There are so many resources for military spouses and service members, but the military girlfriends and boyfriends are often forgotten. In military dating life, the best resources possible are the men and women who have been there, done that.
After mentoring a young military girlfriend, I realized after the fact that the experience may have done me just as much good as it did her. It gave me the opportunity to reflect on my own journey as a milspouse/girlfriend and see the many obstacles I've overcome in the process.
My husband and I dated for nearly five years before we got married, which included living together for three and a half years. To be honest, this felt like forever, especially since we moved from the East Coast to Alaska during that time. We never experienced the carefree dating experience that some do, as I was a single mom already when we met. I moved to be closer to him within months of the start of our relationship and knew no one in town. I had a minor emergency one day and called him in a panic. He couldn't physically help me at the moment, but he remembered that one of his coworkers happened to live in my neighborhood, so he connected me with the spouse of said service member. Long story short, she saved my day!
I will never forget my first encounter (as a military girlfriend) with a military spouse. She dropped what she was doing to help out a stranger in need. She told me afterward if I ever needed anything to never hesitate to reach out, and she meant it. She sprinkled snippets of wisdom over me during the next two years whenever our paths crossed. She was brutally honest about the things that frustrated her about military life, but she always did it with a laugh and a follow-up of something she loved about that same life. Fifteen years and many cross-country duty stations later, she is still there on the other end of the line (or Facebook messenger) whenever I need her. Both of us are more "seasoned" now than we were all those years ago, but the truth is we still have value to bring to each other's lives and military journey. I will be forever grateful for her influence in my life, and I truly feel it set the pace for how I've approached every military spouse or girlfriend ever since.
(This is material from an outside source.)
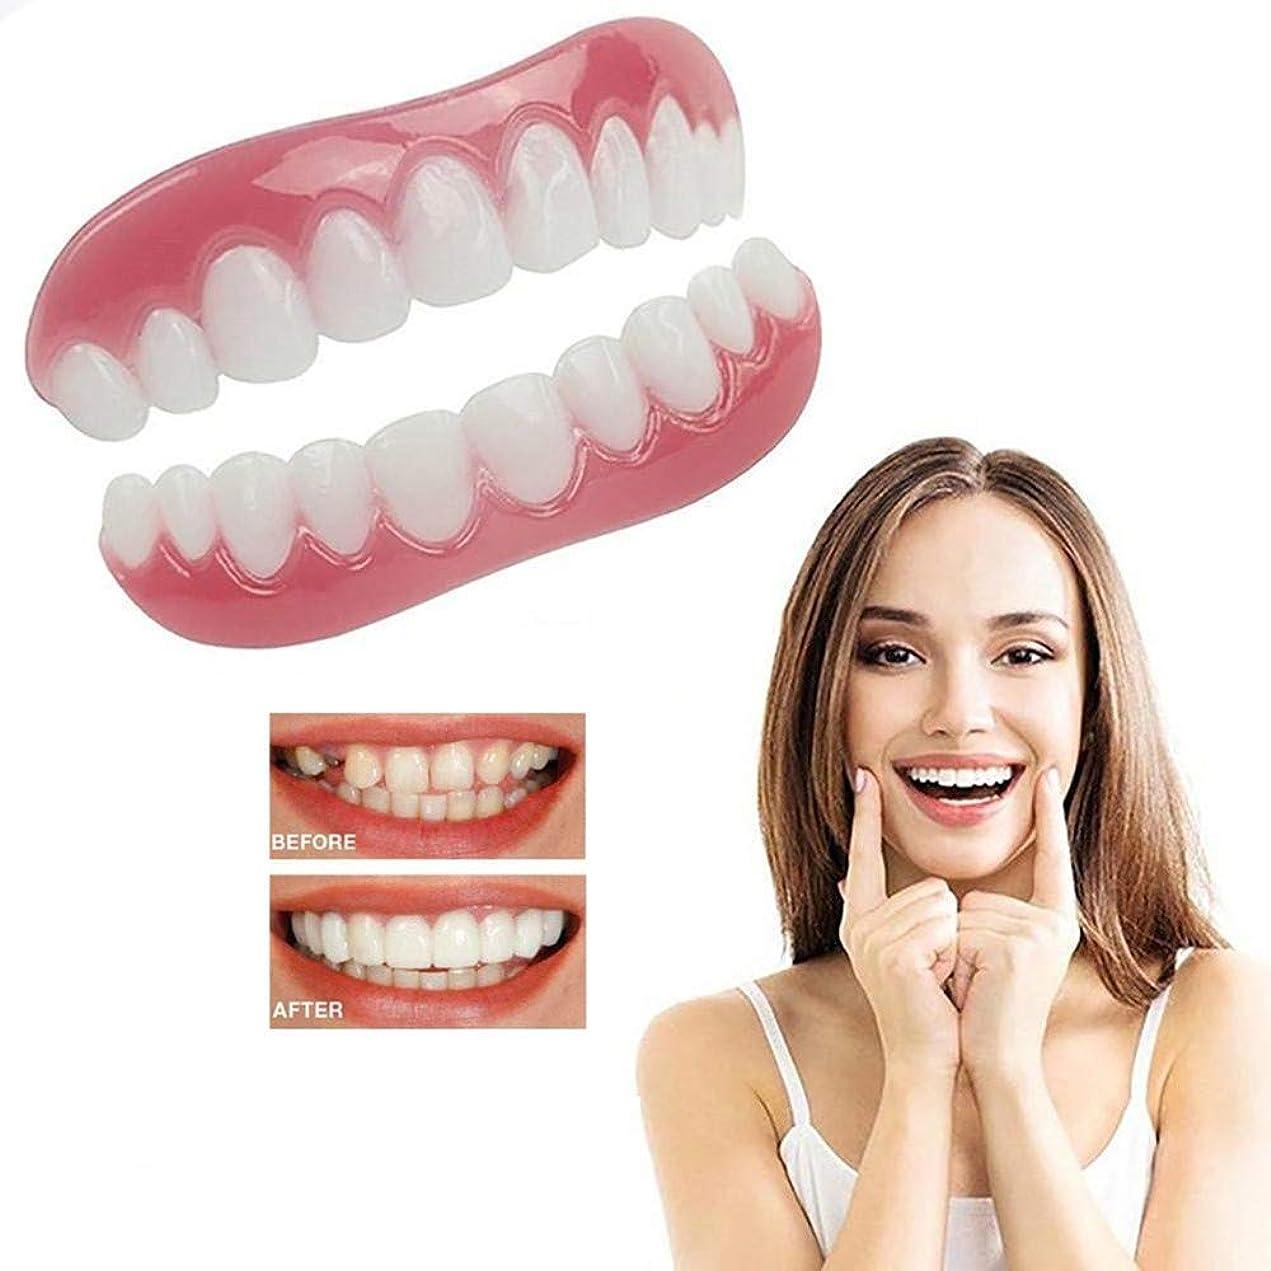 ゲインセイブラジャー所有権ホワイトニングシリコンブレース歯の上下を瞬時に微笑みベニヤの快適な化粧品すべての義歯ケアツールに適しています,4pairs

Here are seven ways to mentor a military girlfriend:
Remember that girlfriends matter too.
We've all been there; just some spent much longer unwed than others. Give them hope. Share your pride in your journey. All these new trials are temporary. Some will resurface again from time to time in your military journey (hello PCS), but let her know that with each experience, she will grow and be better prepared to handle it next time. Whatever she's stressing about, it's likely you've been there. You'll find yourself after this counseling session with a renewed appreciation for your own experiences.
Pay it forward.
Someone at some point in your journey held your hand and gave you strength or advice when you needed it most. There's no one better than a seasoned military spouse to do this as long as you're mindful and empathetic, not condescending. Sometimes a military girlfriend needs to be reminded that ALL military spouses have been the outsider at some point…no one gets married before spending some amount of time first dating that lucky hero. A good deed like mentoring will always leave you feeling full of gratitude for all who mentored you along the way.
Know that you’re both worth it.
Simply by giving your time, you are rescuing another from loneliness in some form or another. YOUR soul will benefit from that quality time with her as well. Valuable life lessons you've experienced are worth talking about. You never know when your story may help someone down the road. We often have no clue what battles others are facing or when they will arise, so when you take the time to share your personal challenges and victories, you are offering value whether you realize it or not.
Teach her to focus on the positive while still being aware of the potential negative. Don't allow stress to cloud all judgement. Release the weight of what you can't control, and not only will your life outlook change, but so will your LIFE. Hello? We all need this reminder!
Share your strength.
Unpredictability may be totally new to her. Help her see the perks and seize the opportunities that come her way. No better excuse to "just do it" than knowing that the chance to do so may not last long. Military life offers the perfect time to see just how brave you can be, and in the end, it's totally empowering!
Give her resources.
You'll find yourself digging through your internal toolkit and will be amazed at what you pull out of there for her! Links, groups, and ideas will all be helpful, and you'll likely run across a few you forgot existed but quickly realize how handy they will be in your own life again now that they've resurfaced.
Show her love.
Teach her about military spouse bonds and how vital it is to build relationships within the community. It's okay that she isn't yet married, many of the issues she's facing don't discriminate between married/unmarried couples. Show her that she's never alone and remind yourself of the same while you're at it. Sometimes we allow ourselves to forget that one, and it's one of the most important lessons of all.